RECORDS SUPPLIED START

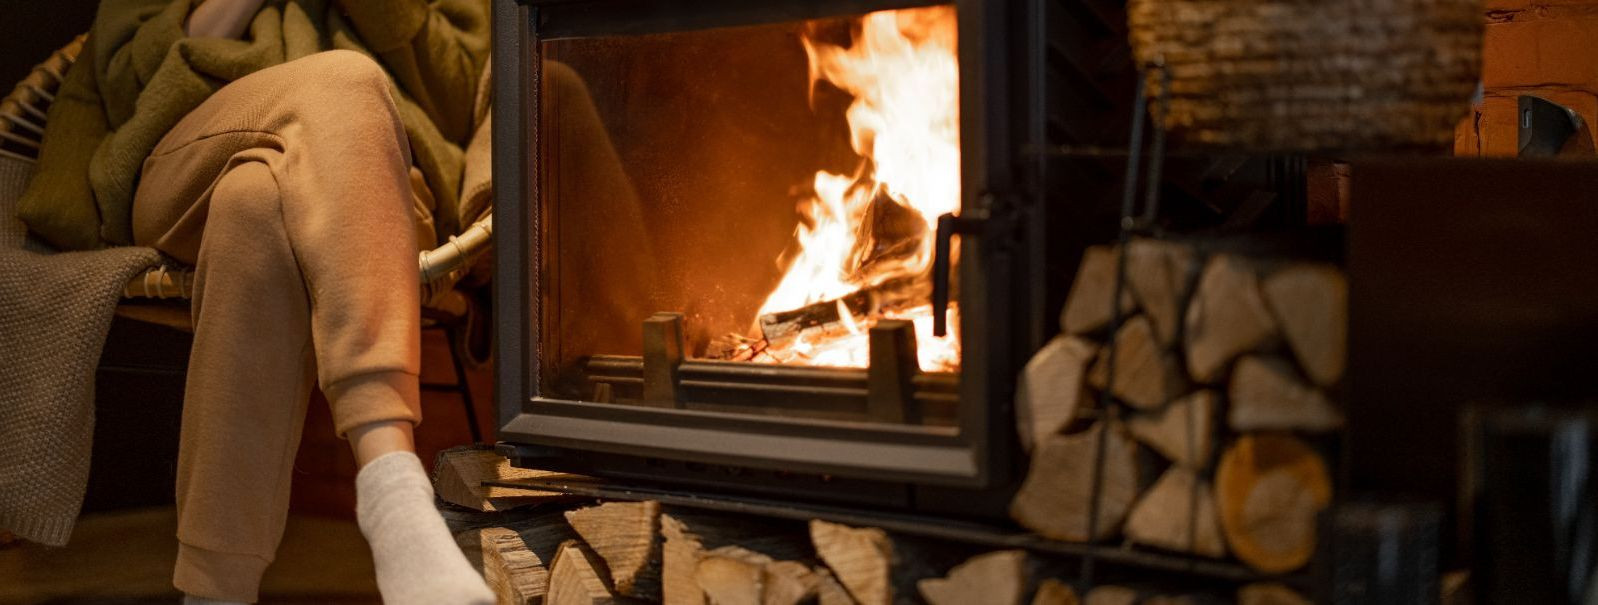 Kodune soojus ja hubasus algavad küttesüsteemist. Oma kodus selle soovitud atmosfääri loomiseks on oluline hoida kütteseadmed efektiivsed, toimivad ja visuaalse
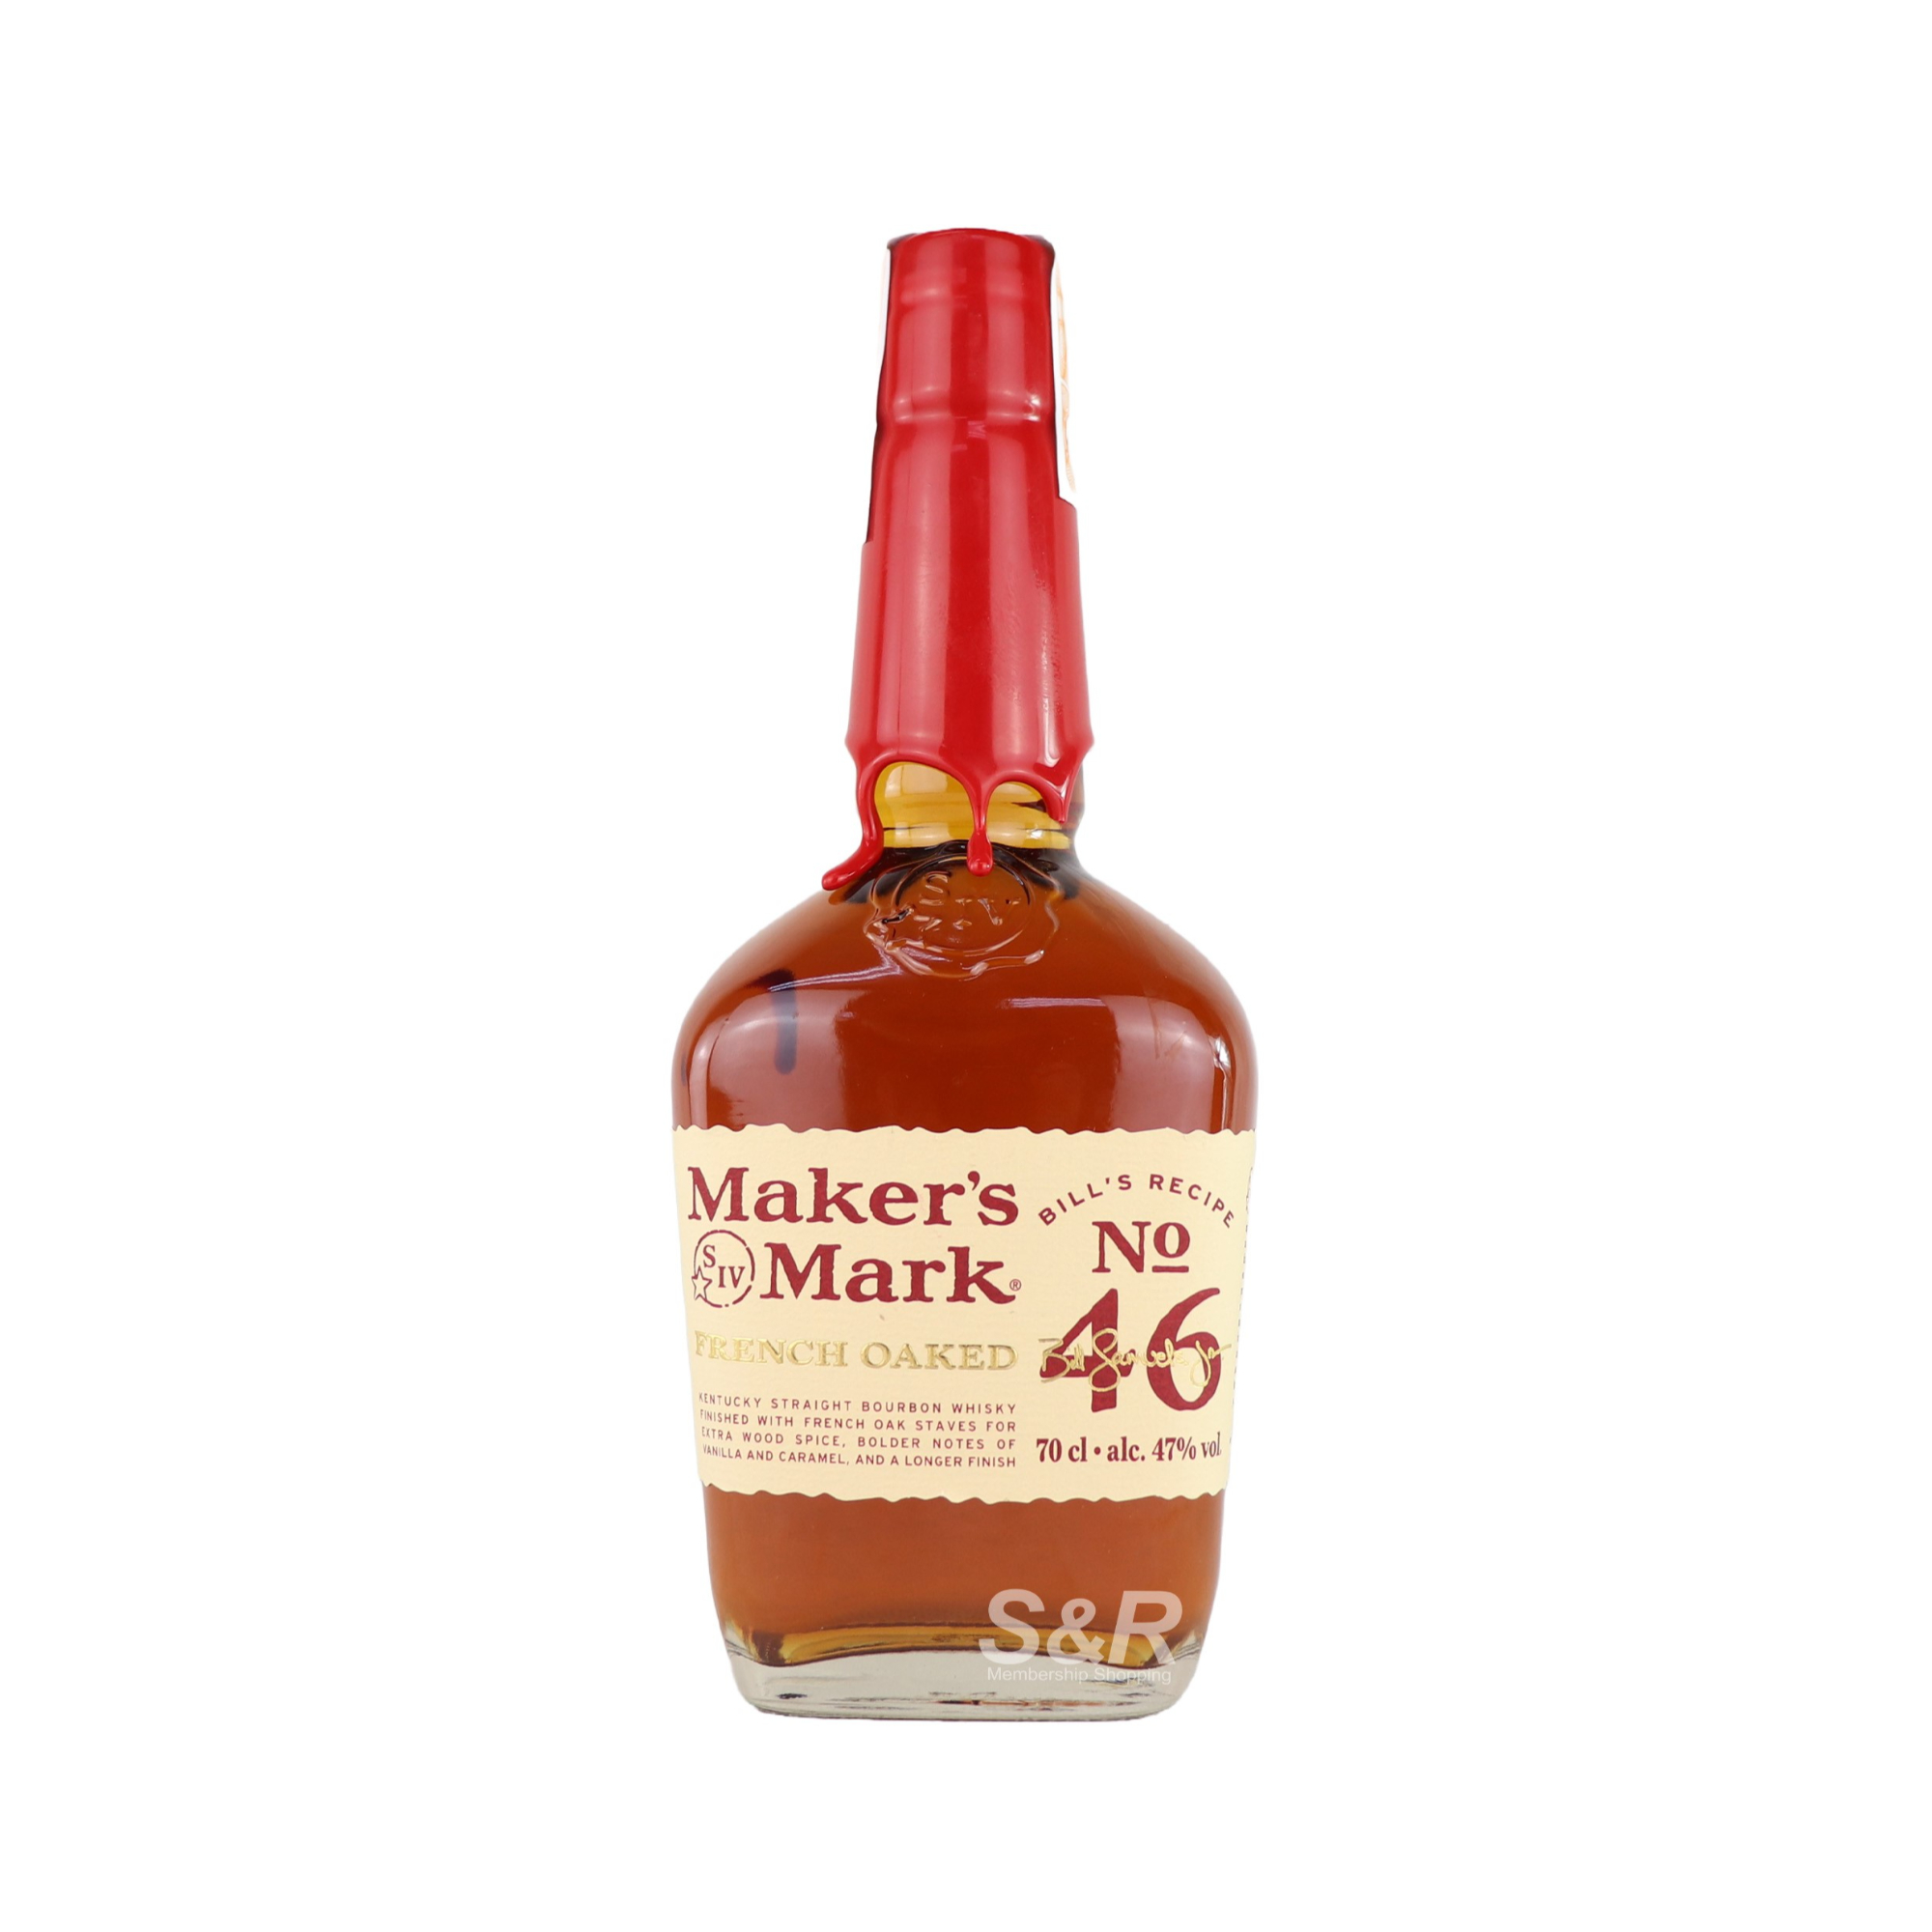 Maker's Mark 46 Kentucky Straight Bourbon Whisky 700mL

RECORDS SUPPLIED END
RECORDS SUPPLIED START

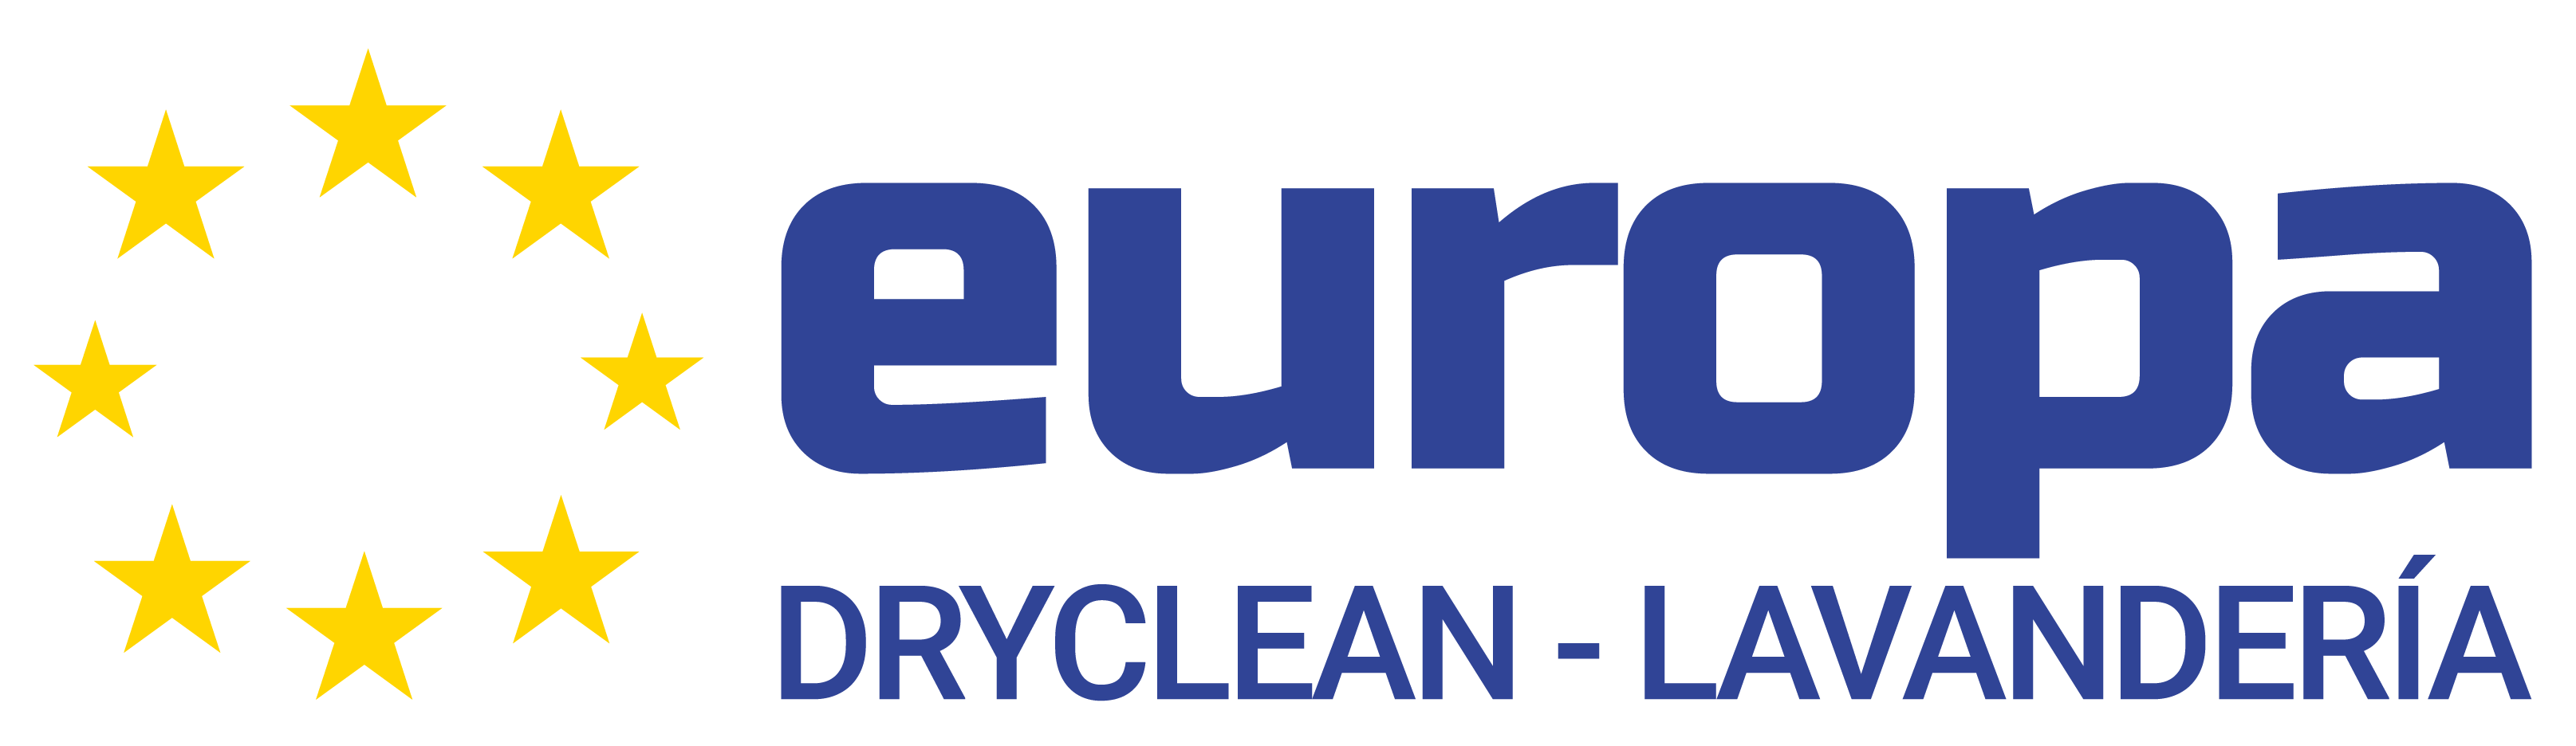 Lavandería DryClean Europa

RECORDS SUPPLIED END

## TASK OBJECTIVE
Reproduce the listing above exactly from the line containing "Kodune soojus ja" up to and including the line containing "Maker's Mark 46", omitting any images and everything outside those lines.

## RESULT
 Kodune soojus ja hubasus algavad küttesüsteemist. Oma kodus selle soovitud atmosfääri loomiseks on oluline hoida kütteseadmed efektiivsed, toimivad ja visuaalse
 Maker's Mark 46 Kentucky Straight Bourbon Whisky 700mL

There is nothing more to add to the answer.